Yes - I can see how a 60 yard vehicle would be a challenge!! :lol: :lol:



Sideways86 said:


> You try to find a site near Annecy that will let me and my faithful trailer in.


I think this one would. They were very laid back and accommodating when we were there a couple of years ago. 45.827274,6.18781

Merry Christmas

Dave


----------



## Sideways86 (Feb 25, 2009)

*Re: benefits*



Zebedee said:


> Sideways86 said:
> 
> 
> > I book because I drag another 10yds long Bike trailer with a BMW on it! and by the way its usually July and August which has a lot to do with it lol
> ...


Dave

thanks for the help, what is it called, just had a snooper built in to the stereo sat nav with the 60yd beast and to be honest haven't got my head around location numbering yet

I think the beast will stick now! lol


----------



## Sideways86 (Feb 25, 2009)

*Re: benefits*



barryd said:


> Sideways86 said:
> 
> 
> > Zebedee said:
> ...


Good call Barry, if you will excuse the question, How is the wind now my friend (weather)


----------



## Zebedee (Oct 3, 2007)

*Re: benefits*



Sideways86 said:


> . . . what is it called, just had a snooper built in to the stereo sat nav with the 60yd beast and to be honest haven't got my head around location numbering yet.

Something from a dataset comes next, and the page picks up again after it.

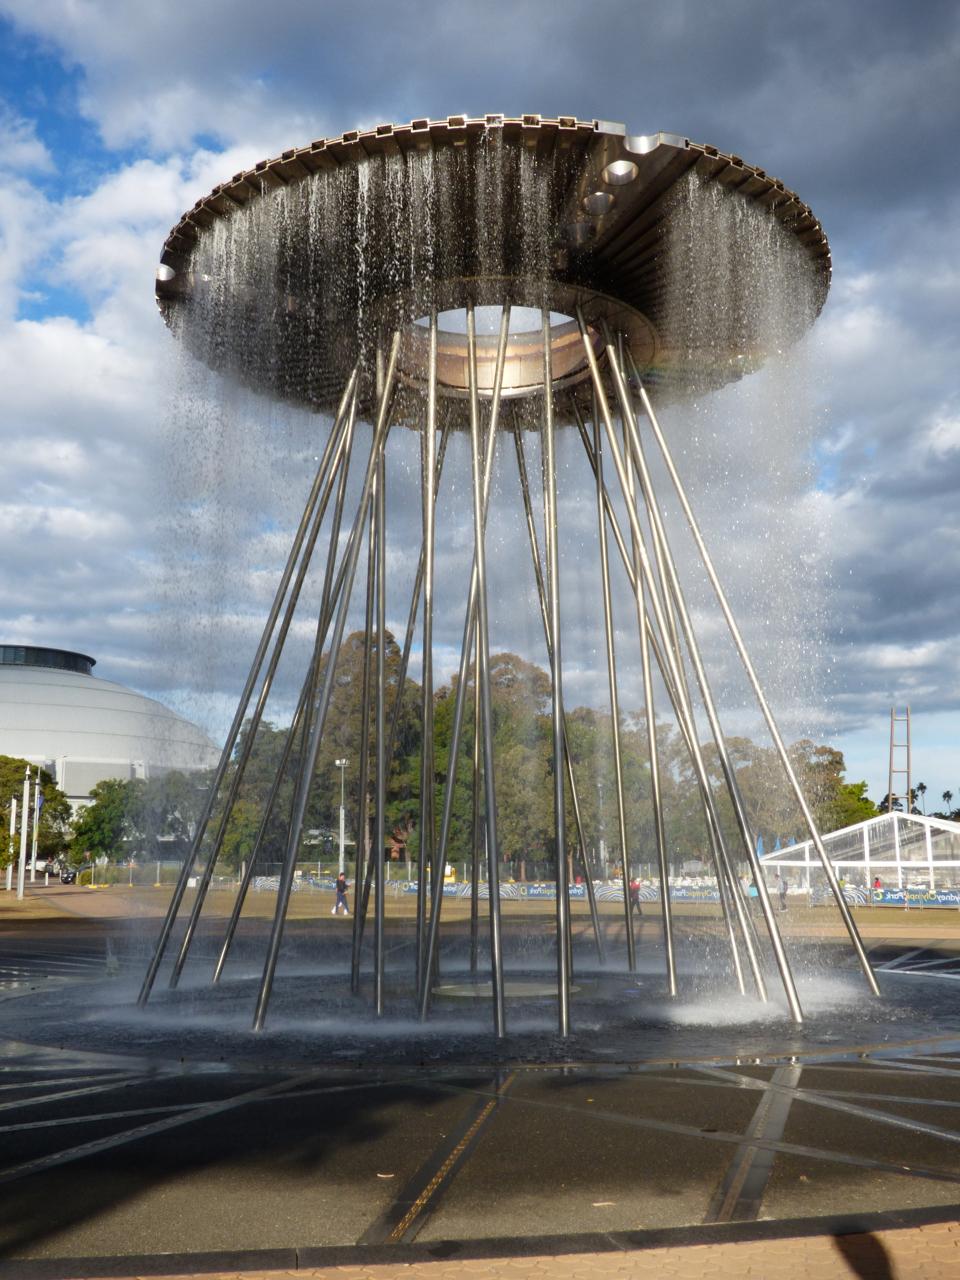 Sydney Olympic stadium
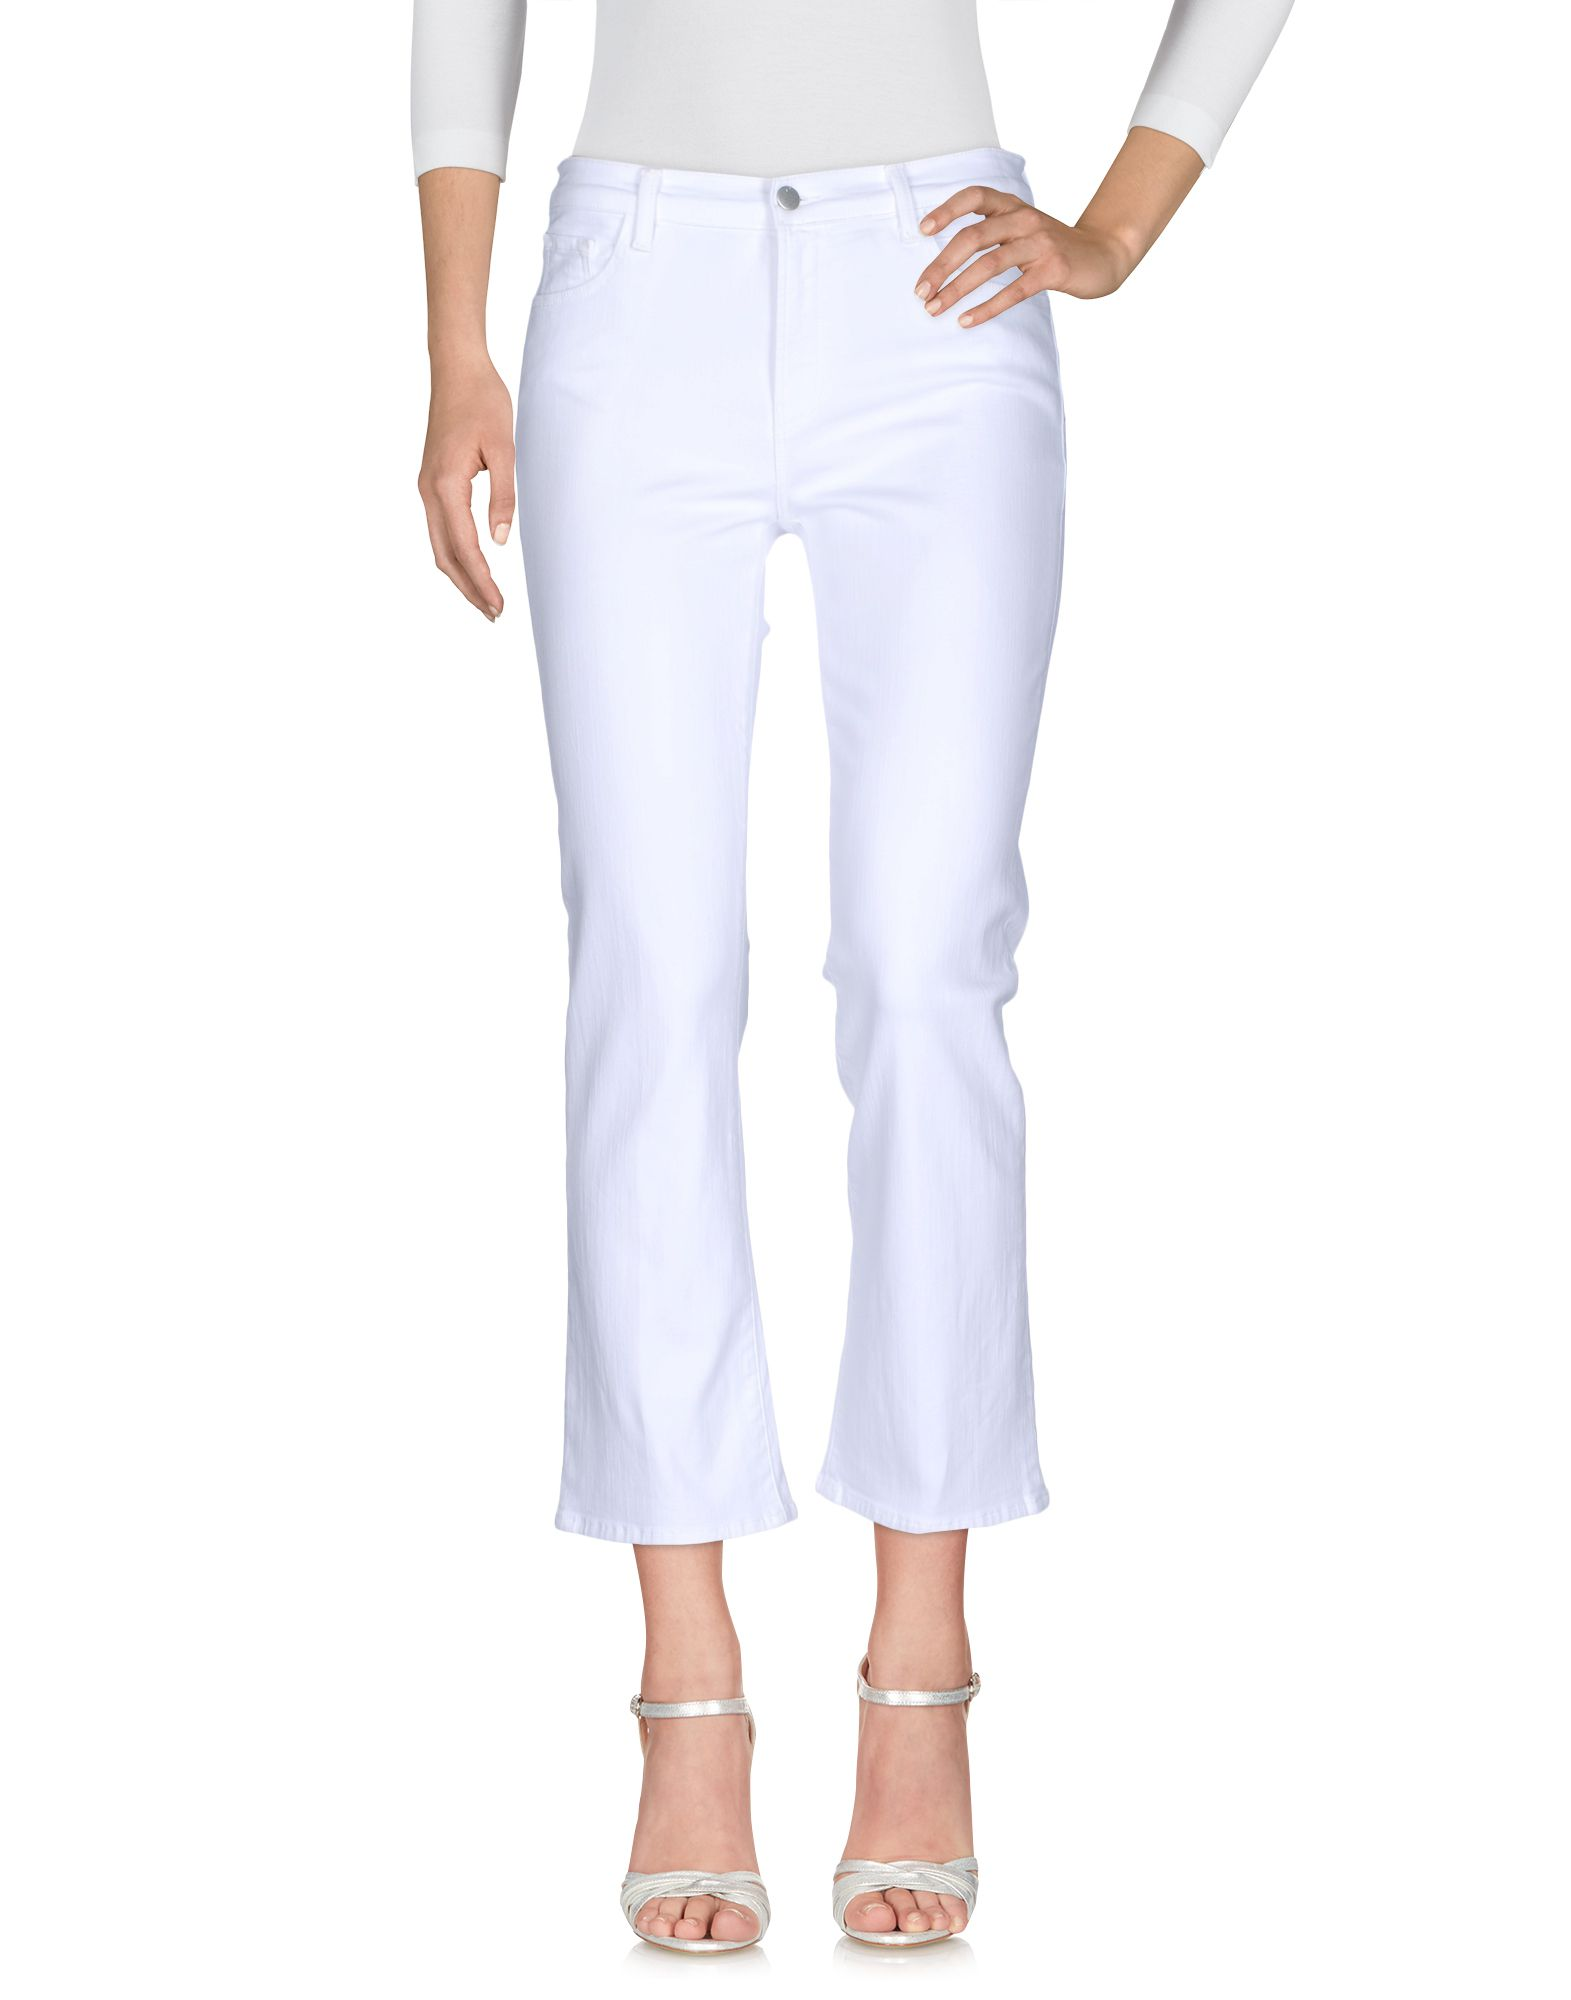 Pantaloni Jeans J Brand Donna - Acquista online su ZcBqVKfwQ

It's called Camping les Champs Fleuris.

Suggest you paste the co-ordinates into Google Maps and you can have a good look at the location. 45.827274,6.18781

It's about 10km from Annecy which we thought was perfect. Far enough away not to be too busy but a lovely ride on the pancake flat, tarmacked cycle track. Right by the lake and a popular spot for hang and paragliding, so the entertainment was built in.

Dave


----------



## Easyriders (May 16, 2011)

Some of the best (and cheapest) ACSI sites are not in the book, but on the website.

It's also worth checking what the price would be without using the card at participating sites, because sometimes it's cheaper not to use the card!

Also, many sites will give a much reduced rate for long stays.

Nevertheless, there are some sites that offer superb facilities and are well worth €18, so a couple of nights at a site like this and you've got your investment in the card back.


----------



## nukeadmin (Oct 10, 2003)

Outdoorbits (I think?)

Yup we have them in stock now
http://www.outdoorbits.com/acsi-campingcard-2014-guide-book-p-3663.html


----------



## jedi (Nov 22, 2007)

I use ACSI occasionally. But paying just over £10.00 for it direct from Holland, I save that in one night.

Used a site near Venice a couple of years ago that was €45 per night - with ACSI it was €15 per night  

If you are single it is worth checking whether paying the site rate is cheaper. I have found this at some sites. One site even charged me half the rate because I was on my own. I think they felt sorry for me :lol: 

Jed


----------